By Ian Haylock
This is Oxford way and an early start — 0900. I reckon it was roughly 75–90 mins drive from Teddington so allowing for at least an extra half an hour journey time and wanting to be at the venue by 0800 meant leaving home around 0600. That meant getting out my pit, fuelling and hydrating at 0500 — on a Sunday ? I don’t think so. Luckily enough, my Mother in Law lives 30 minutes from Abingdon ( thanks Lynn for your hospitality ) , so the plan was to go there on the Saturday afternoon ( stopping off en route to do a brief recce of the race location at Abingdon ) and use this as my laying up point to rest up. I just bought myself an extra hour in bed. Get up at 0600, fuel and hydrate and leave 0700 ish to be there 0730 to park up and walk to the event for 0800. All went to plan.
When I arrived it was cold — great. Bang on what was needed, 9 degrees. On the downside it was windy. But I’ll take the wind rather than heat any day of the week. The pressure was off for this marathon, as I’d cracked my 3.30 ( only just 3:29 ) target for the year at London. I’d also got a late entry place and so had only 12 weeks to train and my 2 week summer holiday in Thailand was also coming up.
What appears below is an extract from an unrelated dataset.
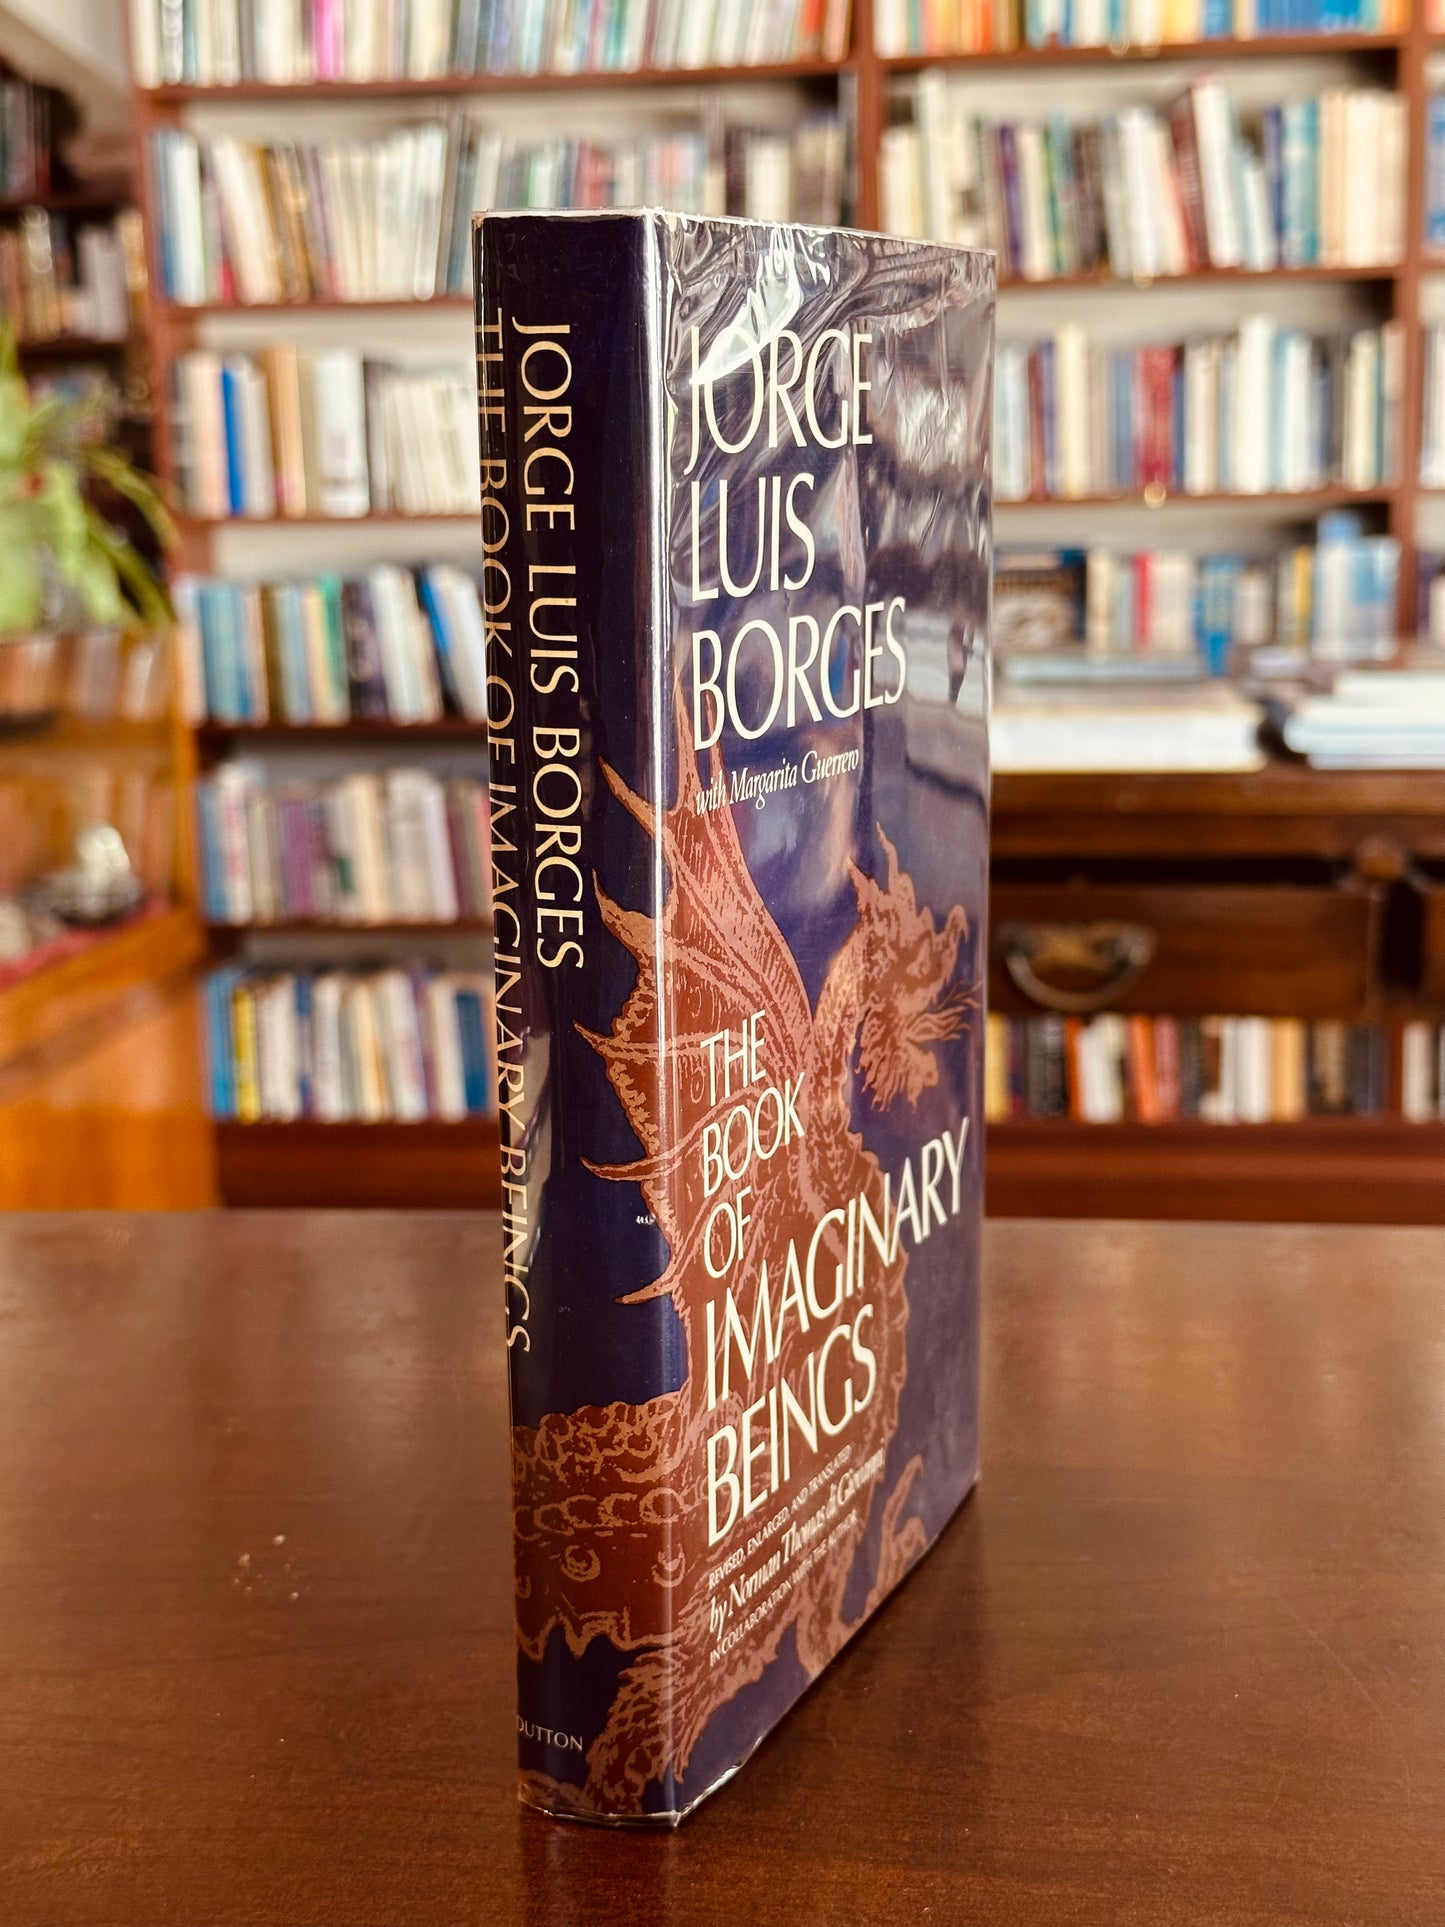 The Book of Imaginary Beings by Jorge Luis Borges (First Edition)
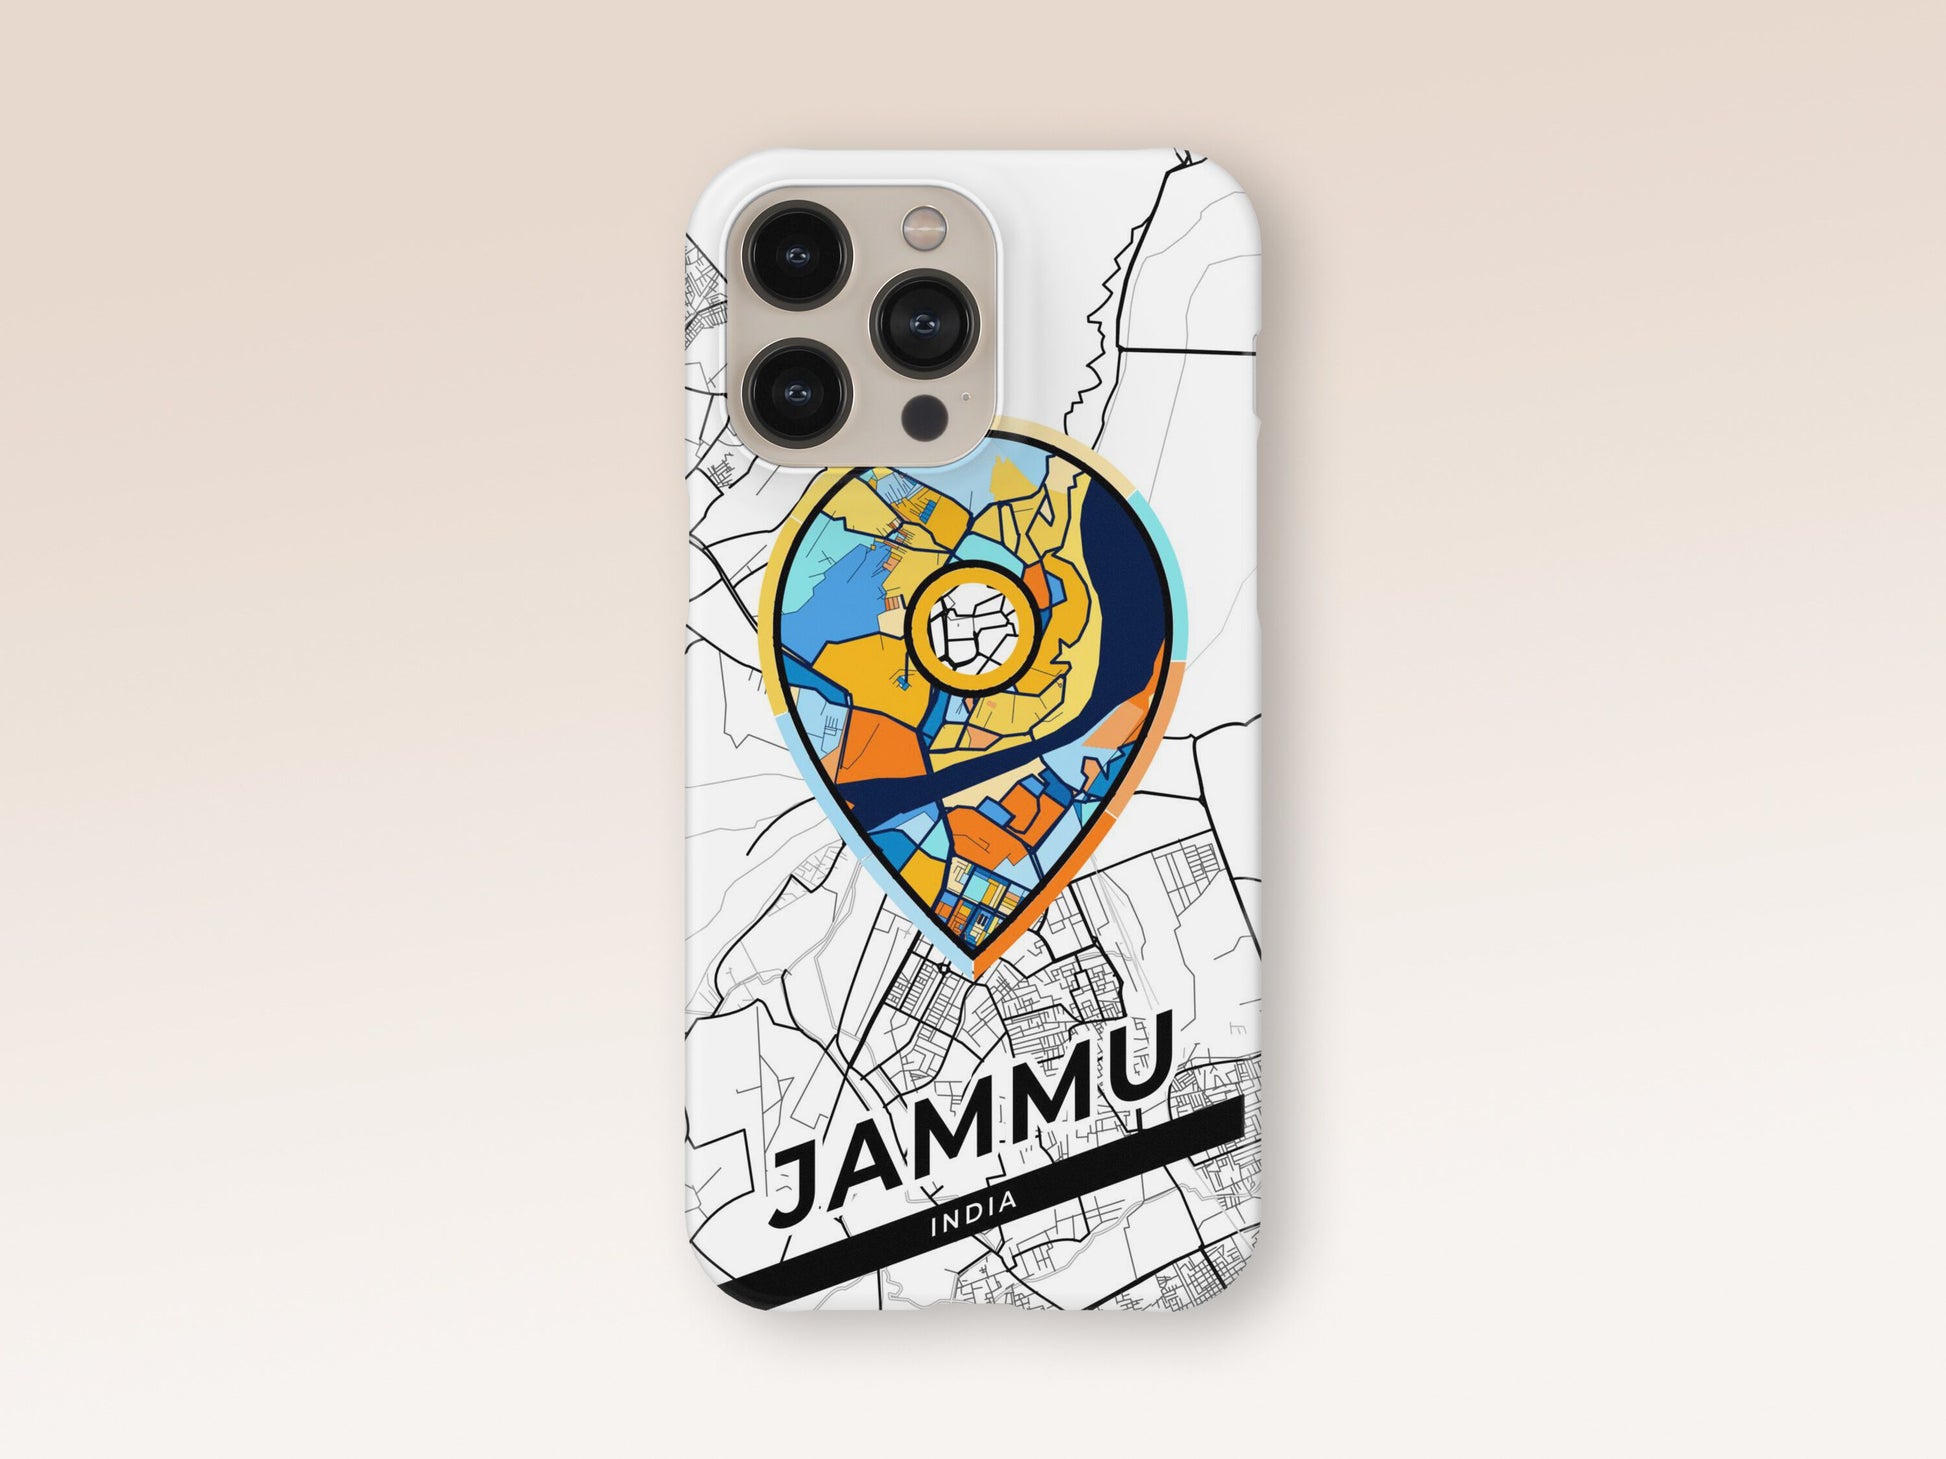 Jammu India slim phone case with colorful icon. Birthday, wedding or housewarming gift. Couple match cases. 1

In Thailand I tried running along the beach but it was bossed by a pack of stray dogs who ended up chasing me into the sea one morning — it was a warning, the beach is their office in the early hours. After that, I used to get up up at 0700 ( whilst the family were still in their pit ) and hit the treadmill and do about 10k in about 45–8 mins , then 10k on the bike ( holding 35 km/hr ) and 2k on the rower in about 7.20–30 ( 1.50–52 /500m rate ) — collapsing as I got off — quite a session. In the evenings 800m- 1 mile swim whilst the kids had some down time before the evening meal. The pool was huge, 80m long ( and you know about it ) , biggest pool in Thailand.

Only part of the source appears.